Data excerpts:
######

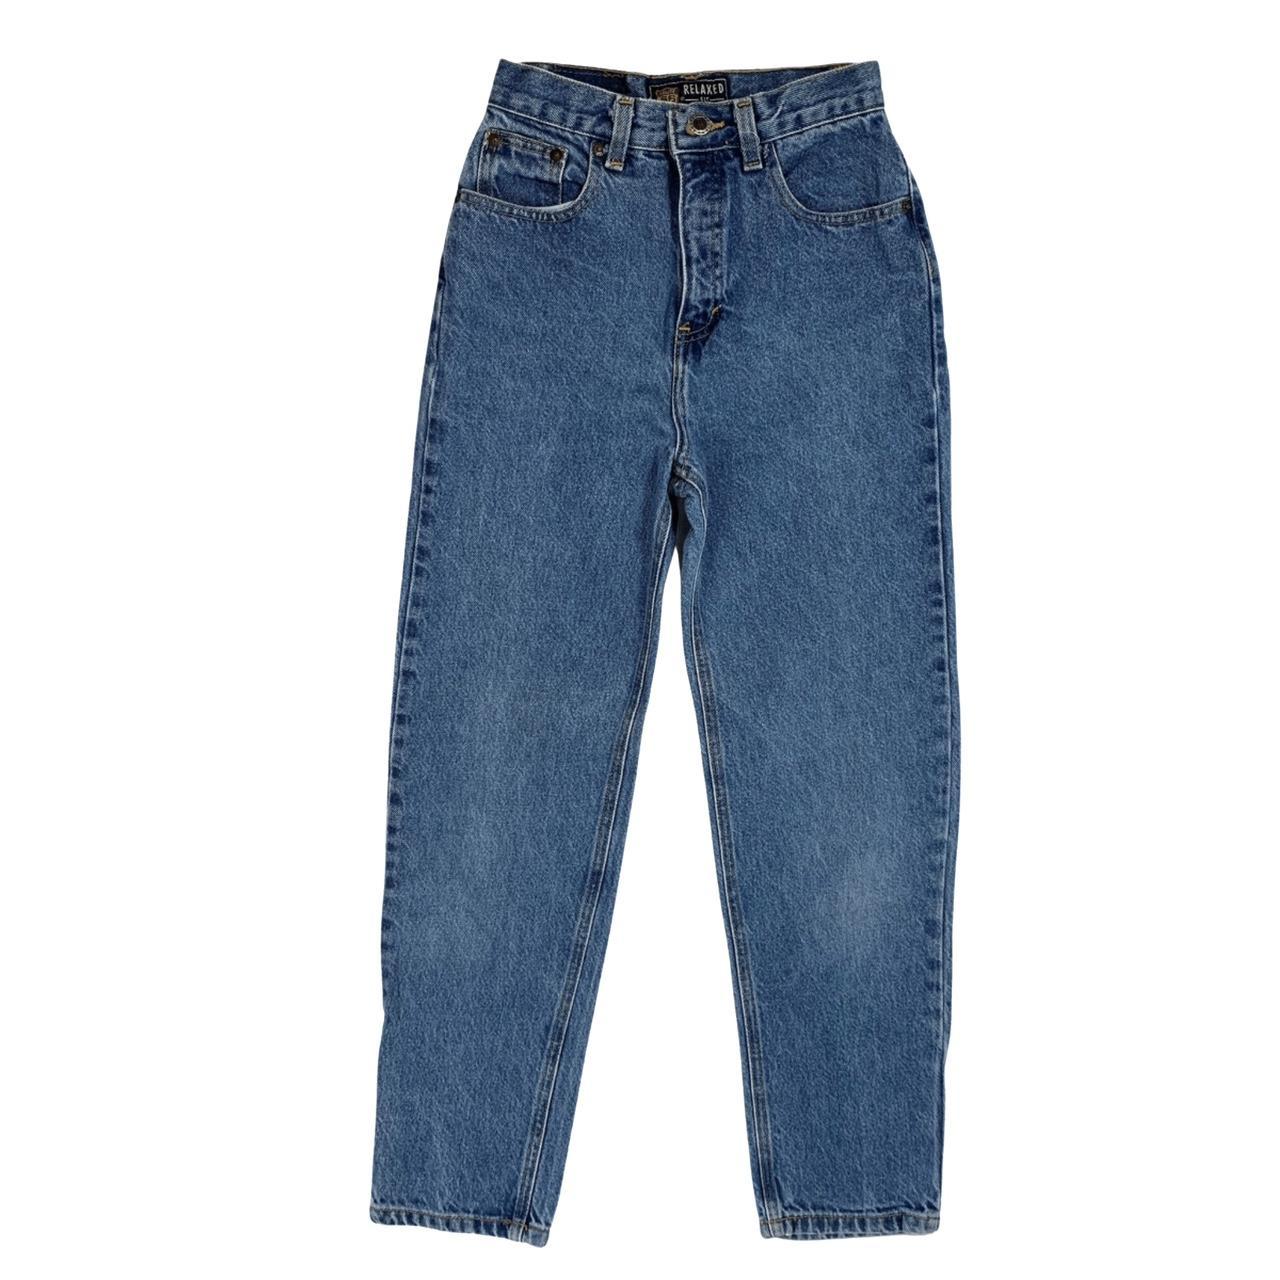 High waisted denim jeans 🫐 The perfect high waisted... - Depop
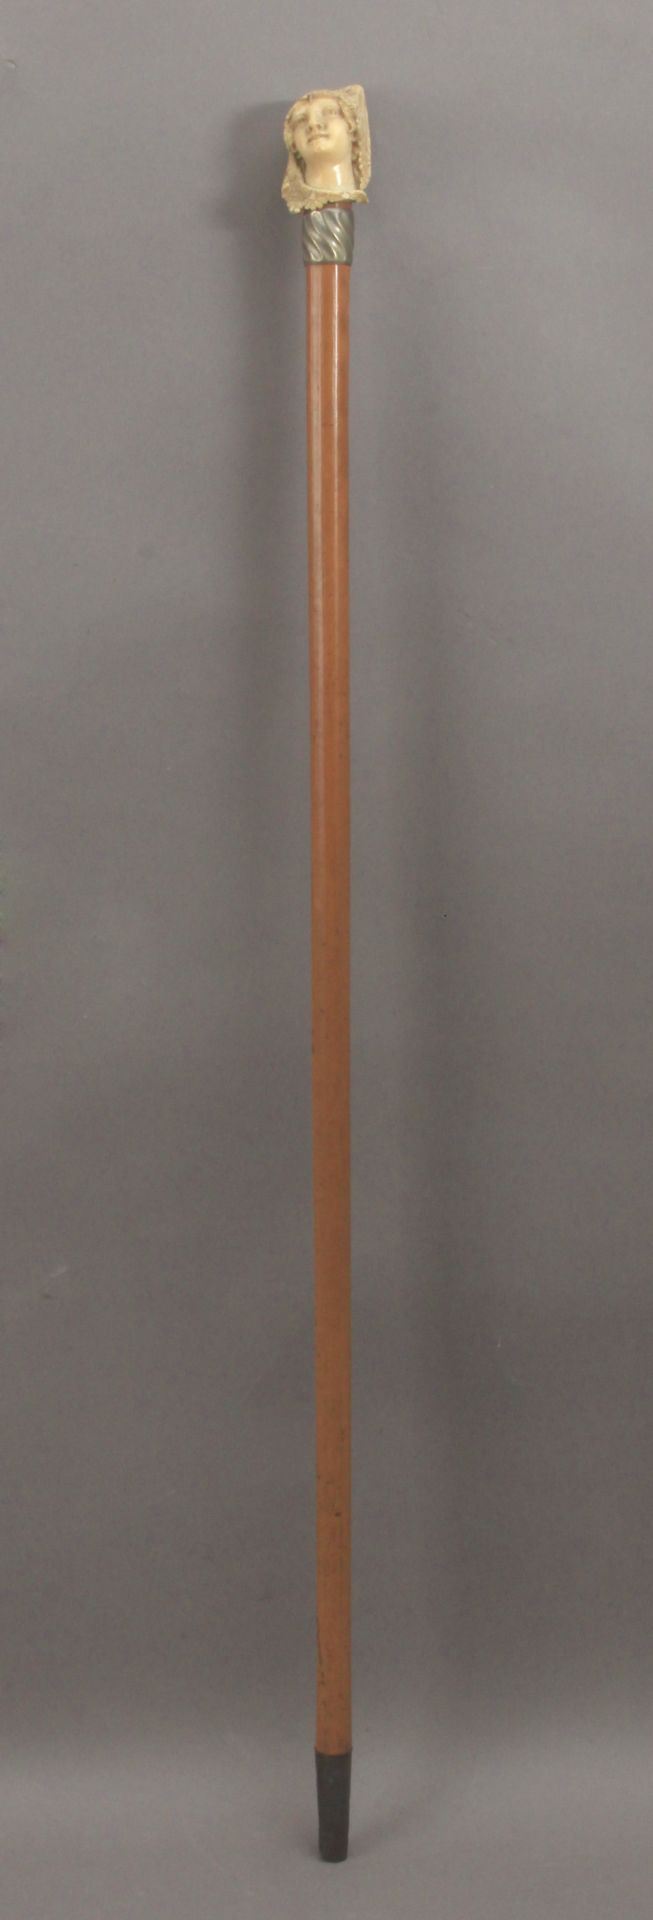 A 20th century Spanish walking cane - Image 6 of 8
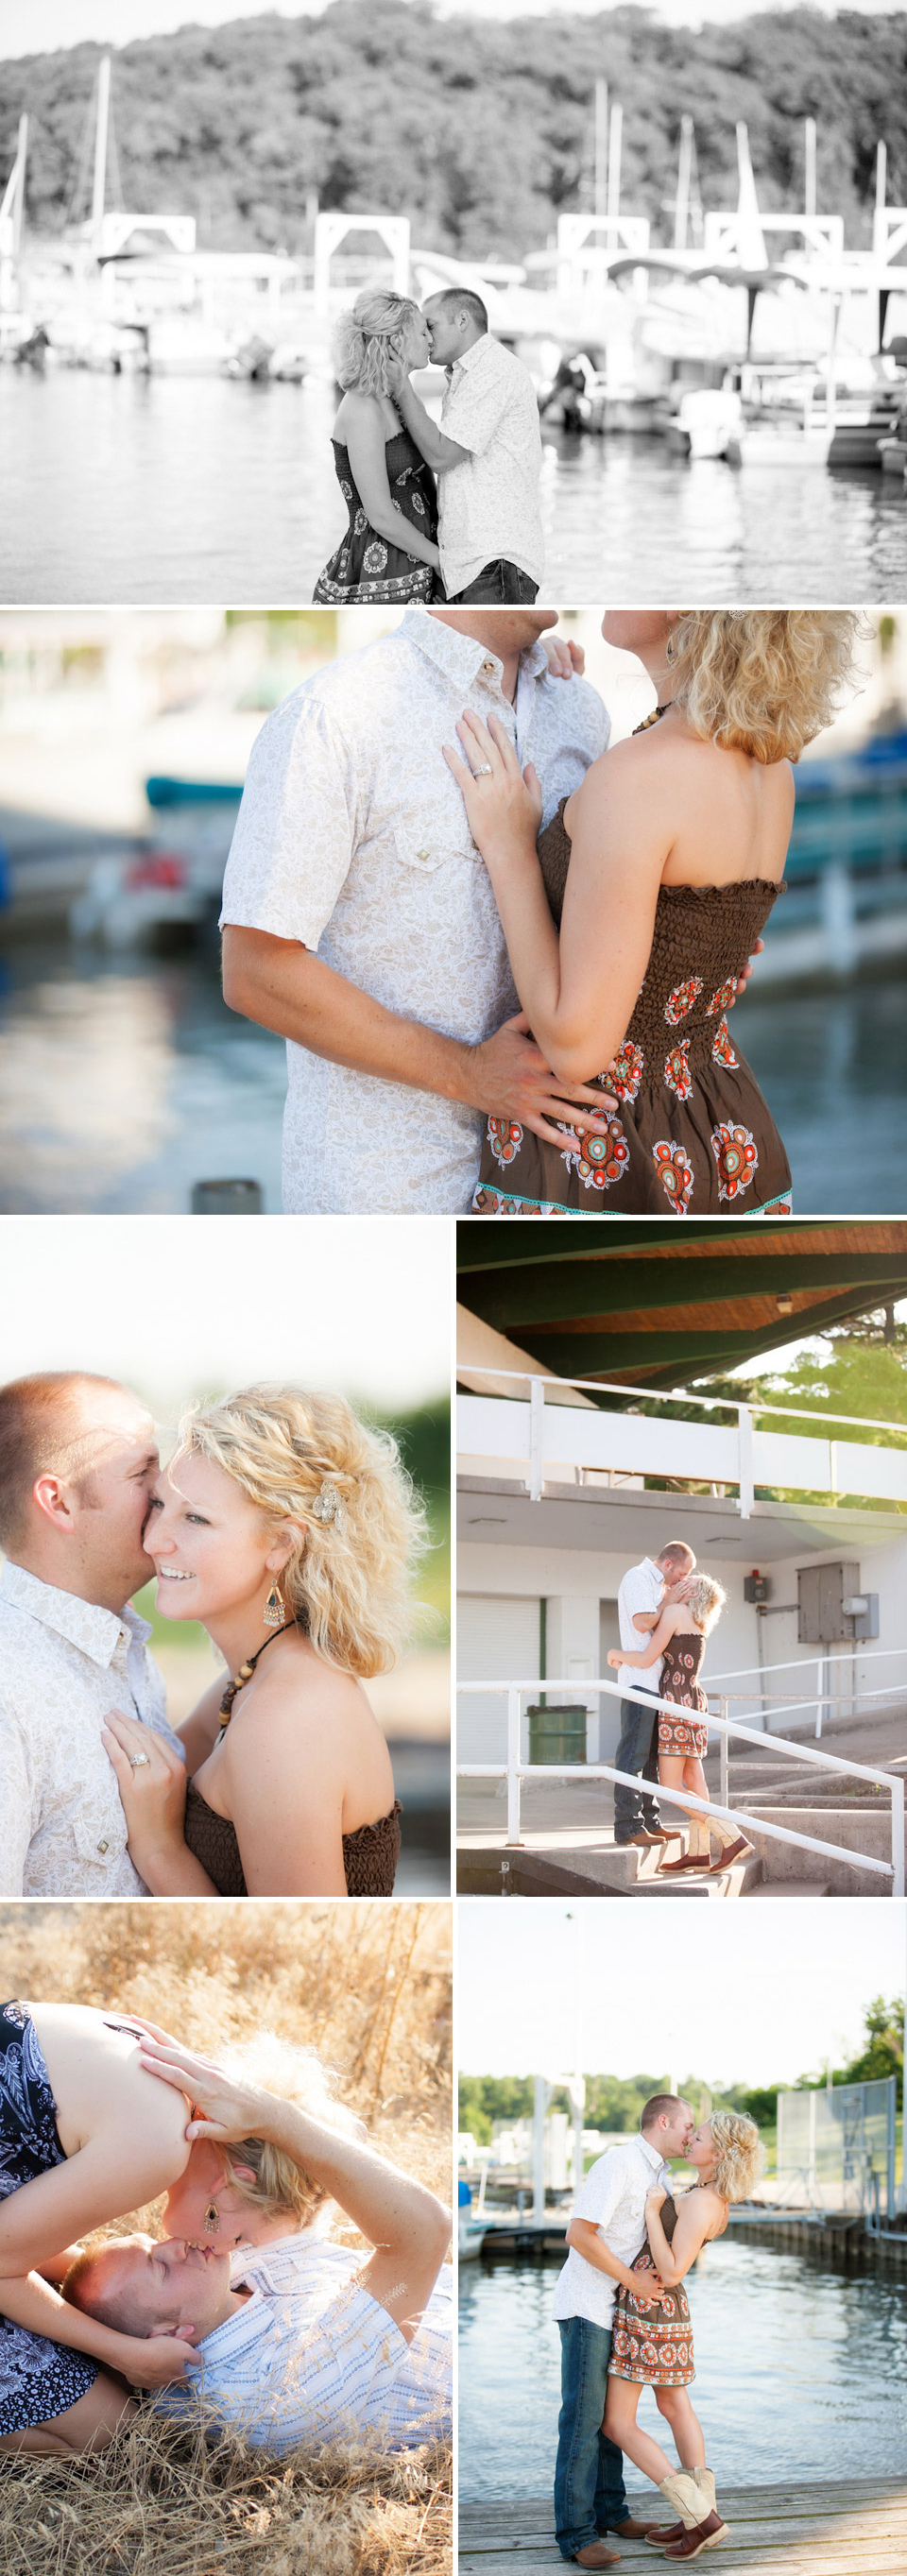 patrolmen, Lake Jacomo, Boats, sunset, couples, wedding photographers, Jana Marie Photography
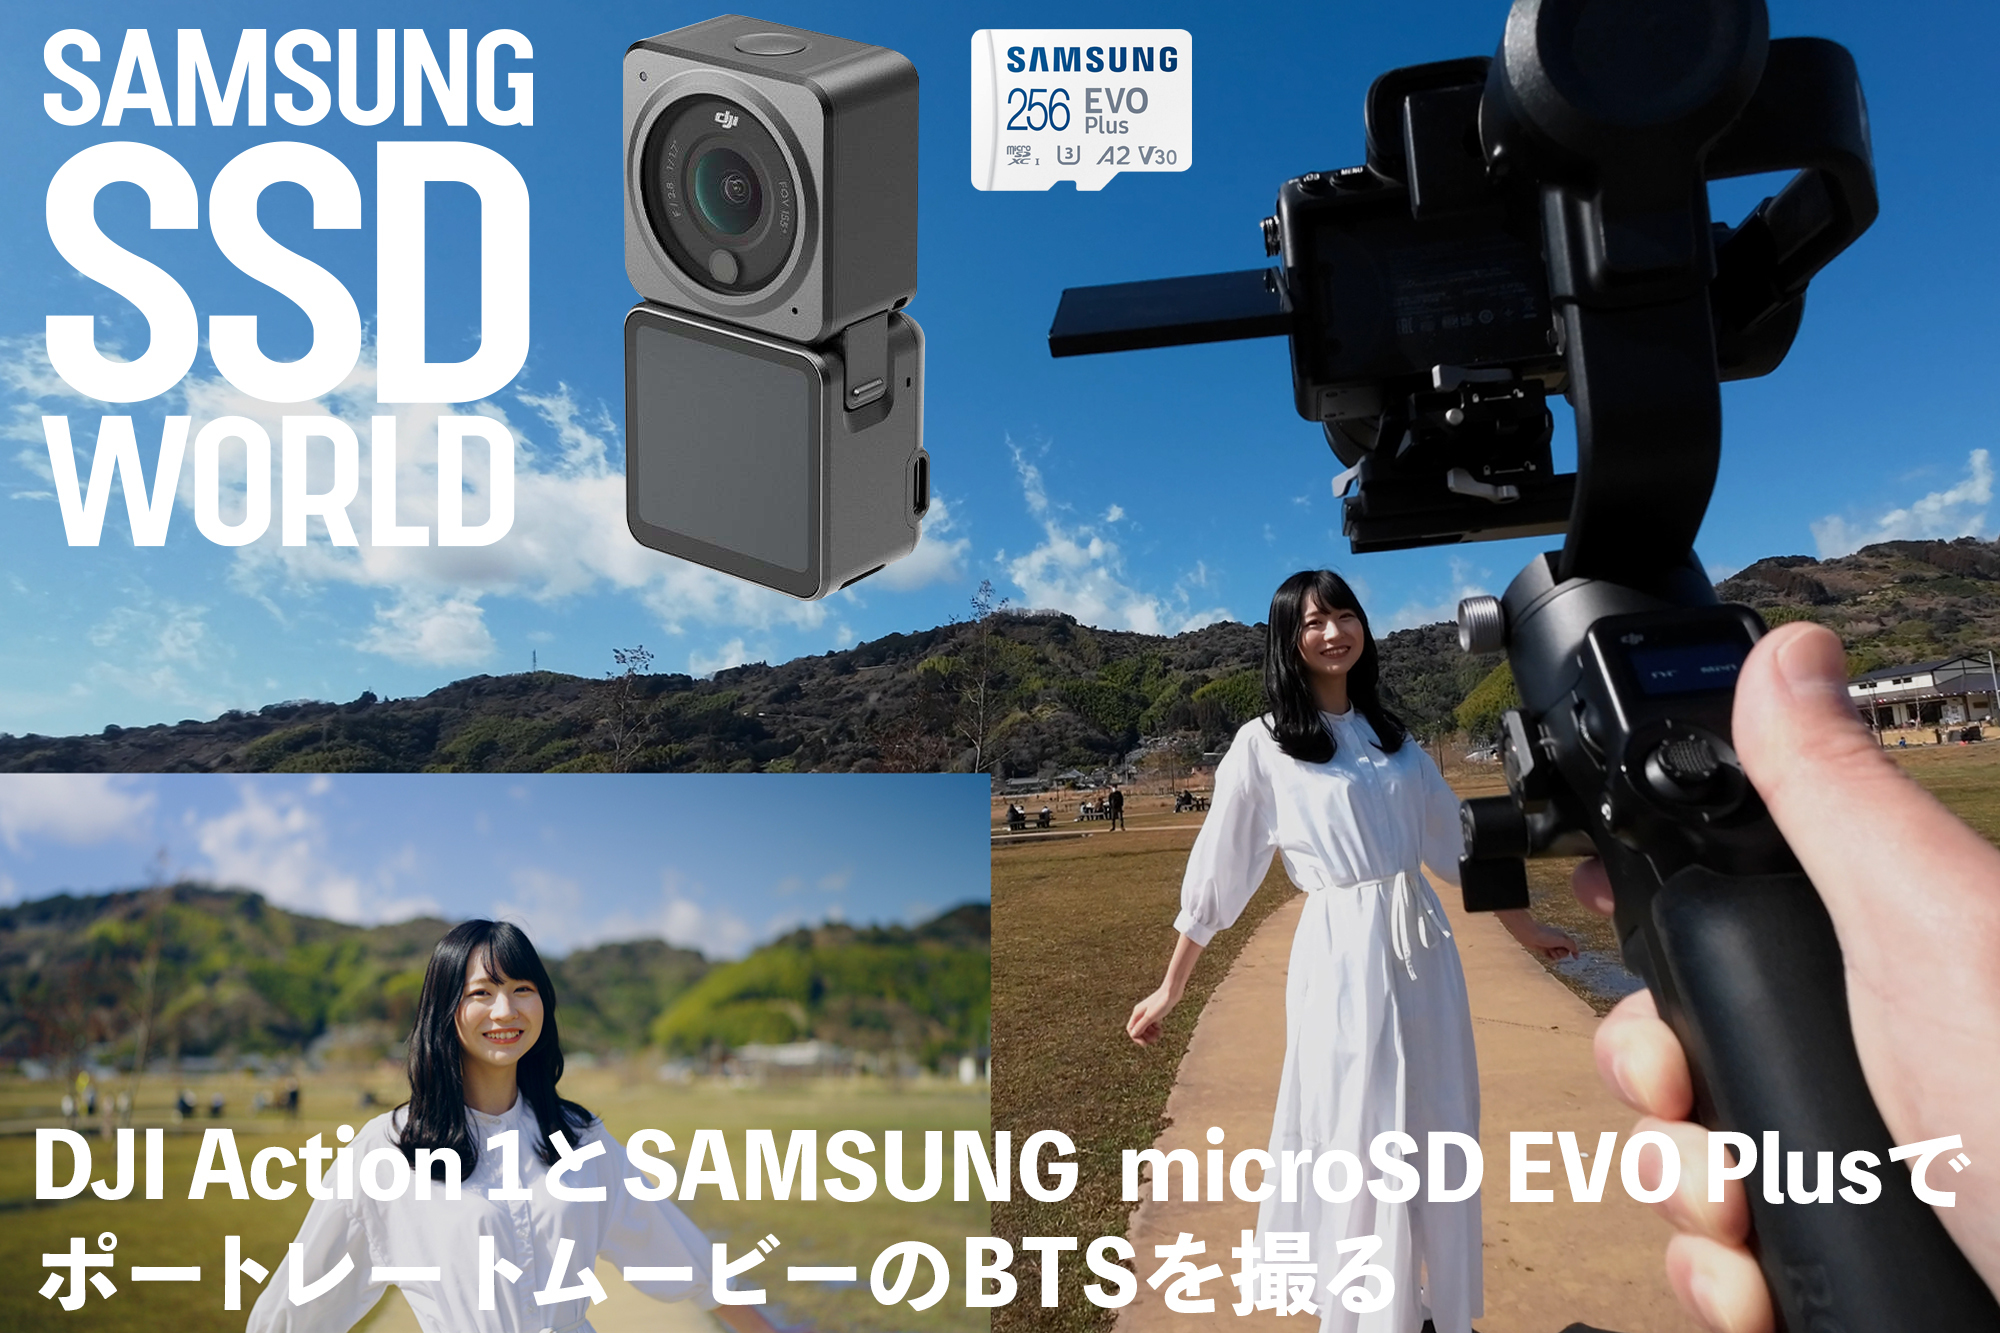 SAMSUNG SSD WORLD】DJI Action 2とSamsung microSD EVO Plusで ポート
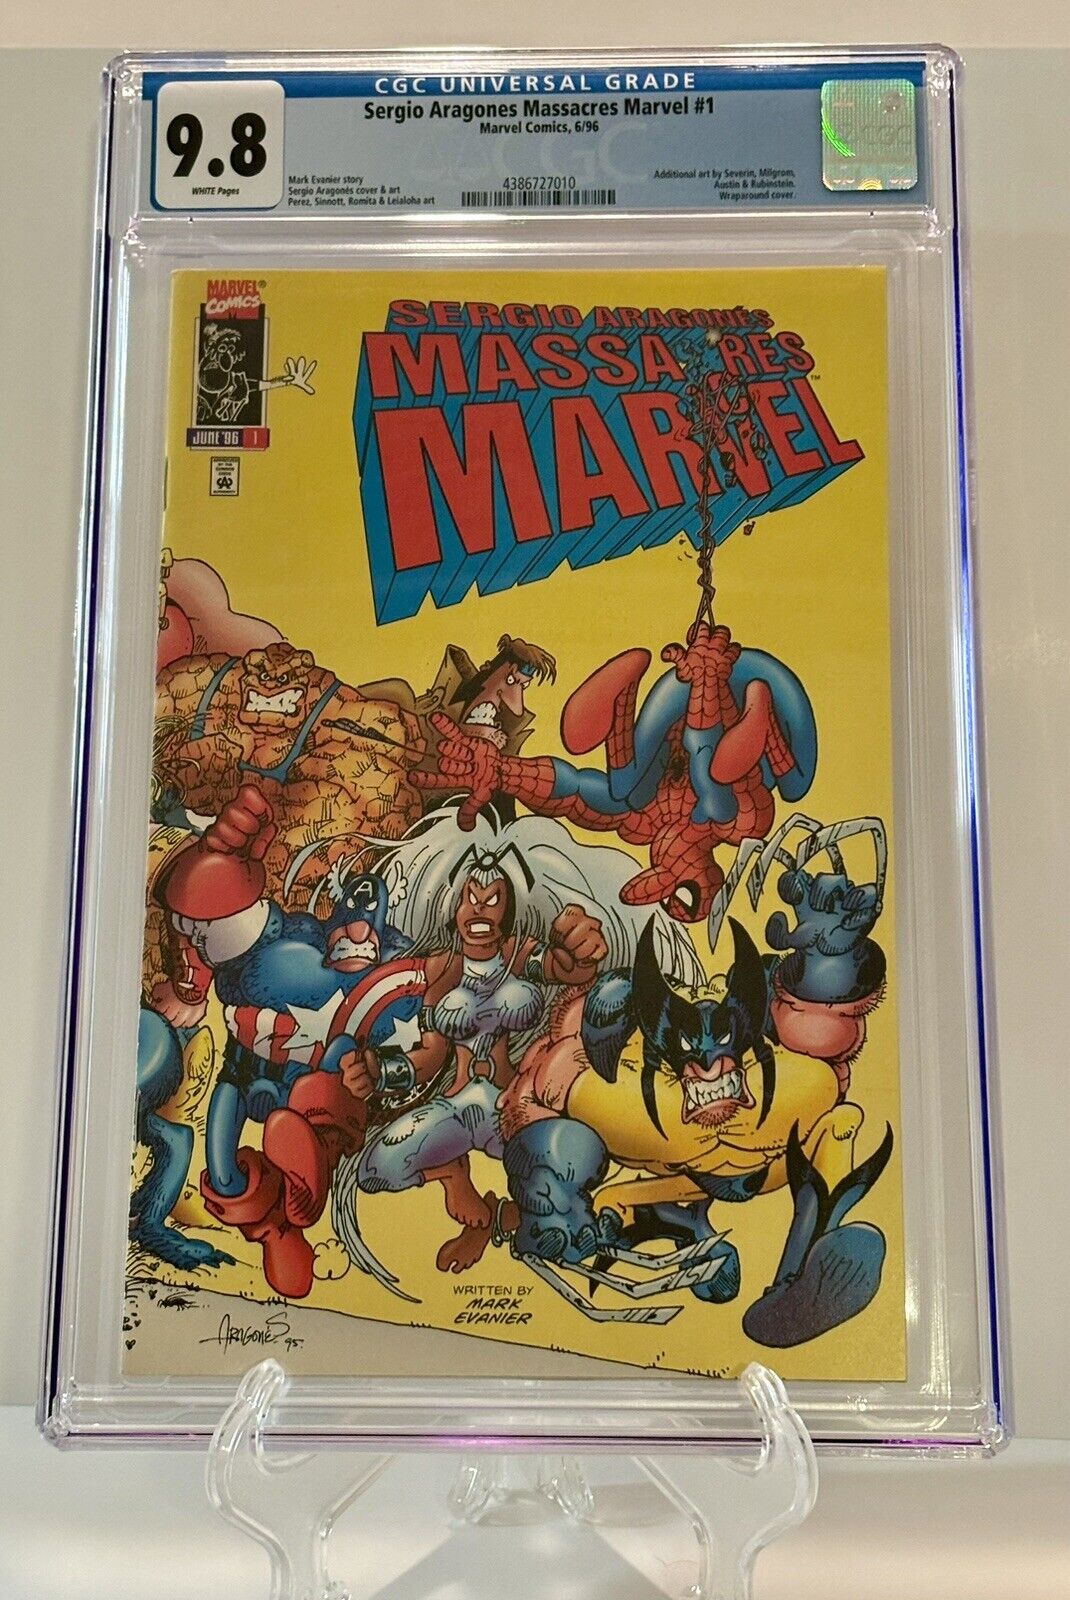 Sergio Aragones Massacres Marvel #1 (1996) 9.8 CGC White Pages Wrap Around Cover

######

PROBLEM REQUIREMENTS: Beginning with the line that contains "SAMSUNG SSD WORLD】DJI" in the data above, please copy each line exactly until the last line, both ends included, skipping any pictures.

WRITTEN REPLY:
 SAMSUNG SSD WORLD】DJI Action 2とSamsung microSD EVO Plusで ポート
 Sergio Aragones Massacres Marvel #1 (1996) 9.8 CGC White Pages Wrap Around Cover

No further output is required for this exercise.